— Task details —
Leave the pictures out. Return all other data exactly.

— Given material —
----------------------------------------

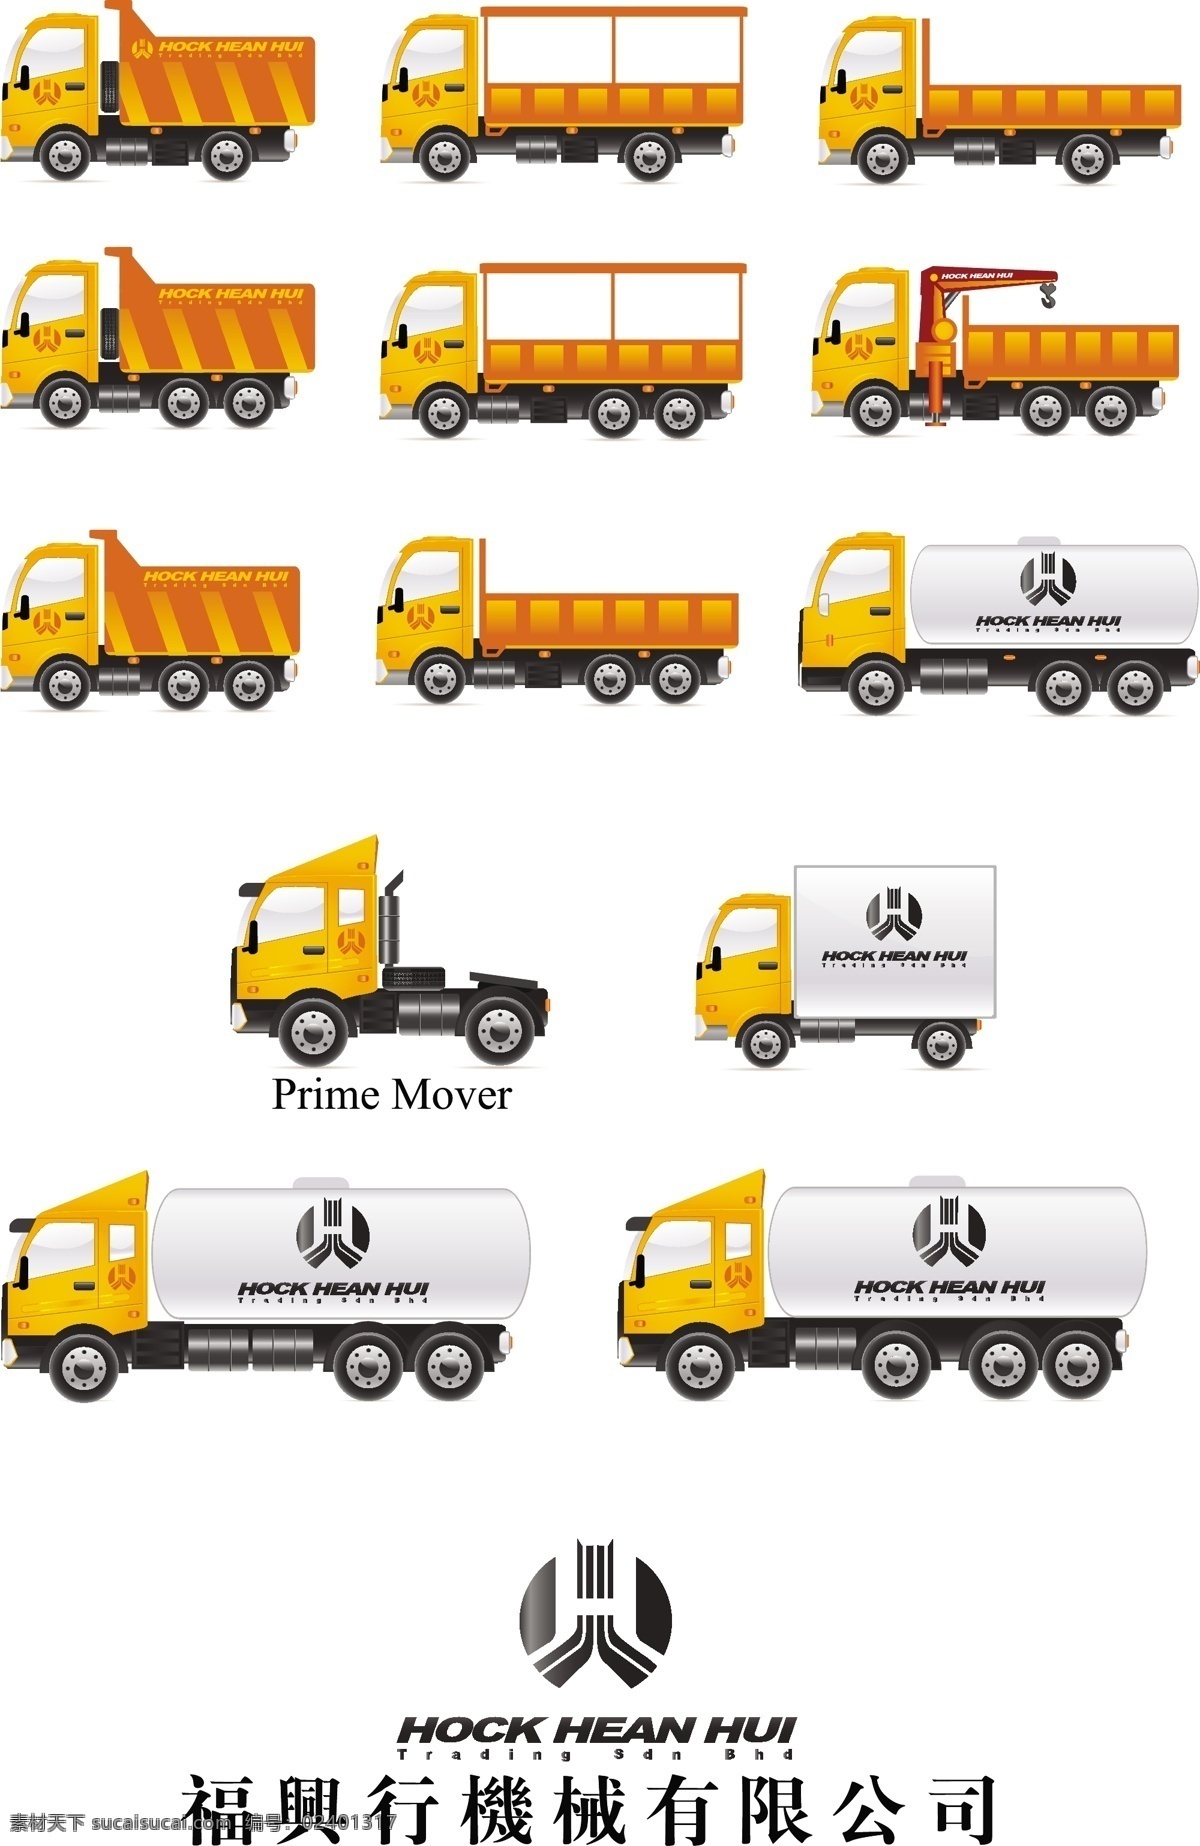 卡车 矢量图 工程车 货运 交通工具 物流 现代科技 运输 卡车矢量图 耐用 矢量 psd源文件
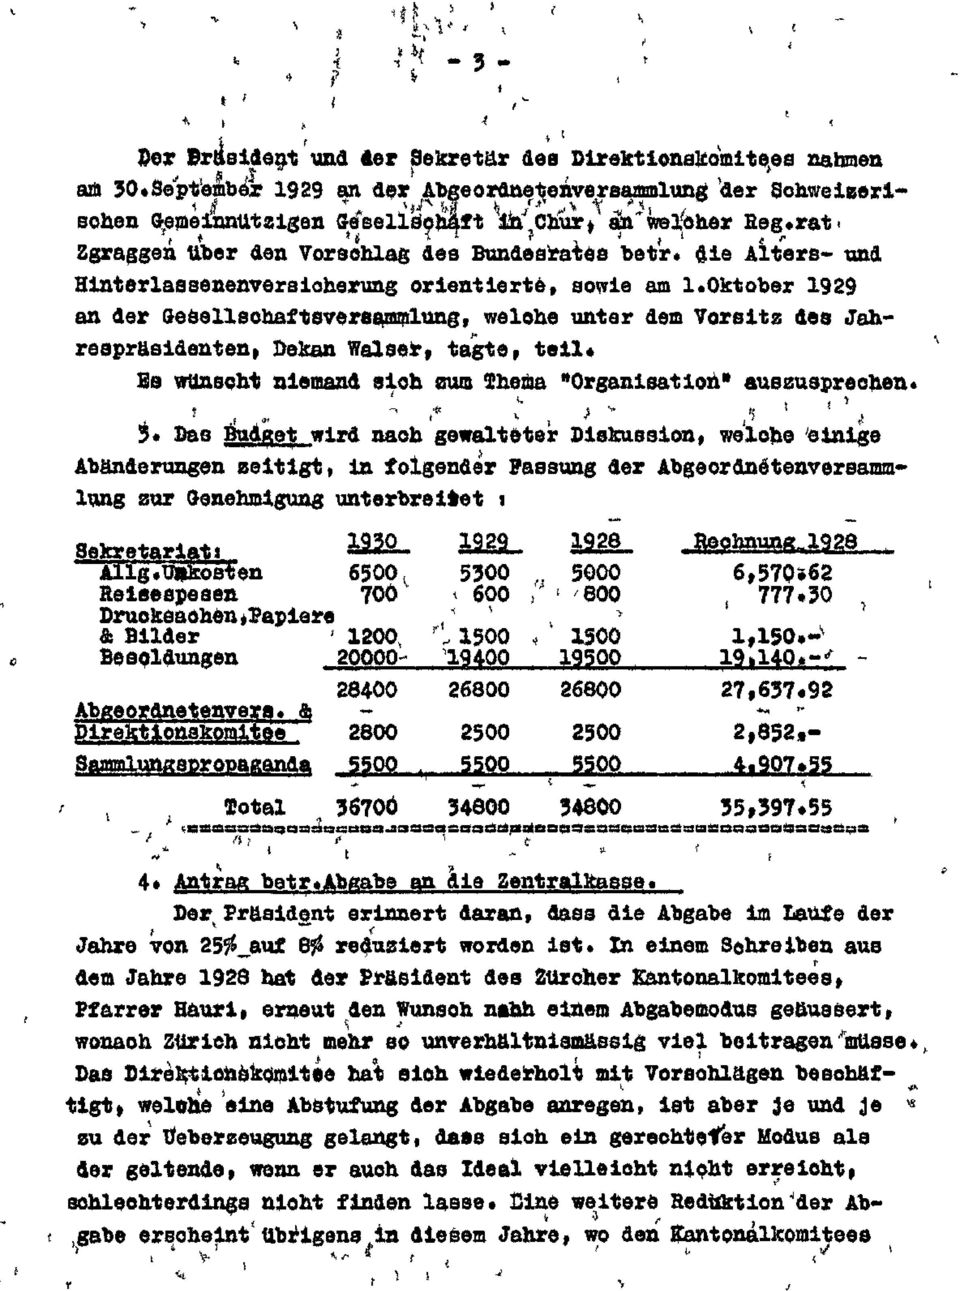 Oktober 1929 an der Gesellsohaftsvereammlung, welohe unter dem Vorsitz des Jahreapräsidenteni Dekan Walser, tagte, teil* Es wünscht niemand sich sum Thema "Organisation" auszusprechen 5* Das Budget
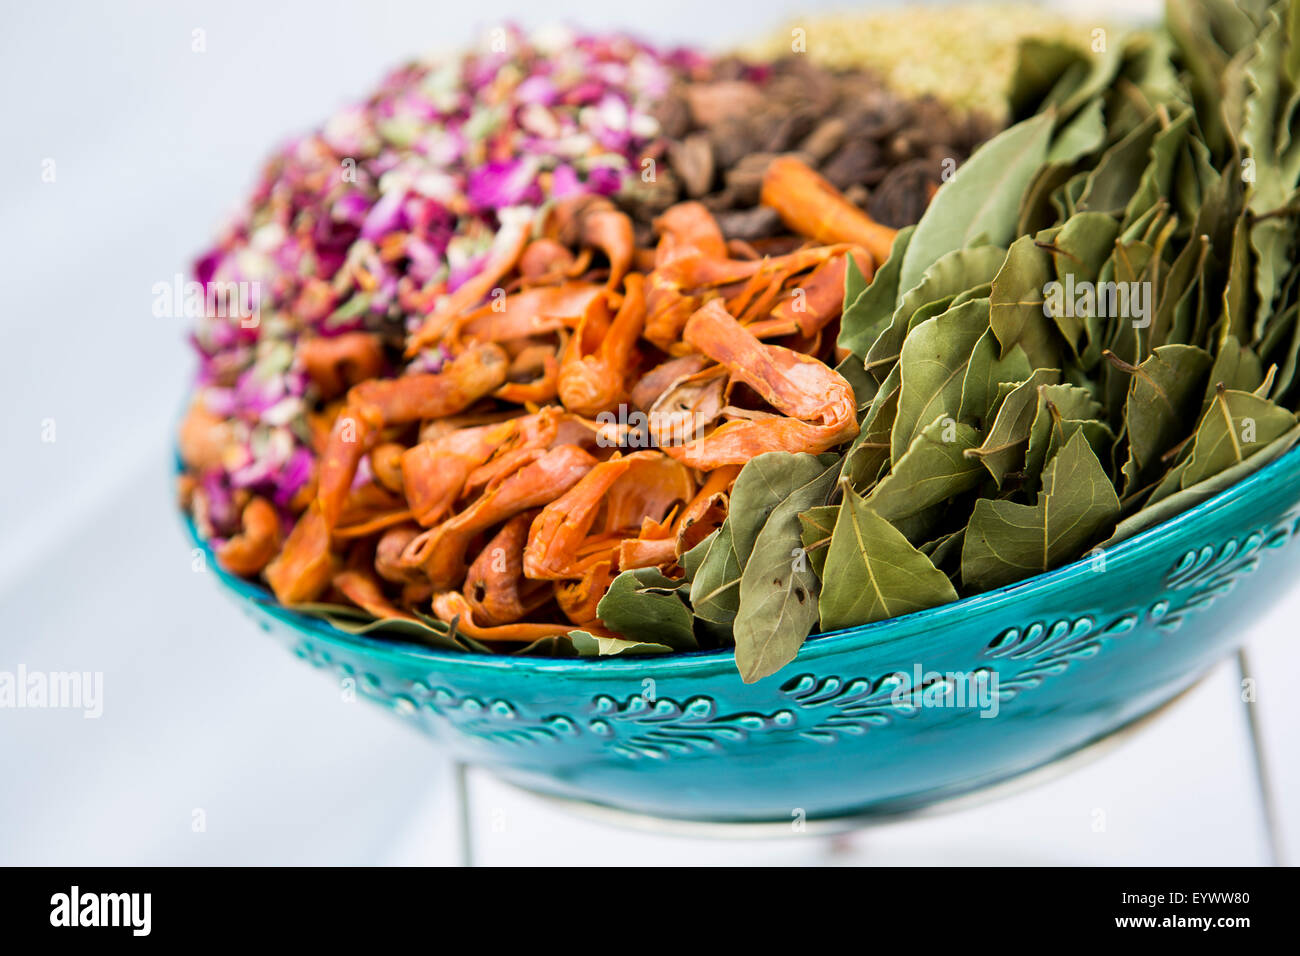 Una ciotola di spezie ed erbe aromatiche utilizzate nella cucina indiana tra cui la foglia di alloro, macis petali di rosa e nero cardamomo. Foto Stock

----------------------------------------

— Solution to this task —
 卡车 矢量图 工程车 货运 交通工具 物流 现代科技 运输 卡车矢量图 耐用 矢量 psd源文件
 Oktober 1929 an der Gesellsohaftsvereammlung, welohe unter dem Vorsitz des Jahreapräsidenteni Dekan Walser, tagte, teil* Es wünscht niemand sich sum Thema "Organisation" auszusprechen 5* Das Budget
 Una ciotola di spezie ed erbe aromatiche utilizzate nella cucina indiana tra cui la foglia di alloro, macis petali di rosa e nero cardamomo. Foto Stock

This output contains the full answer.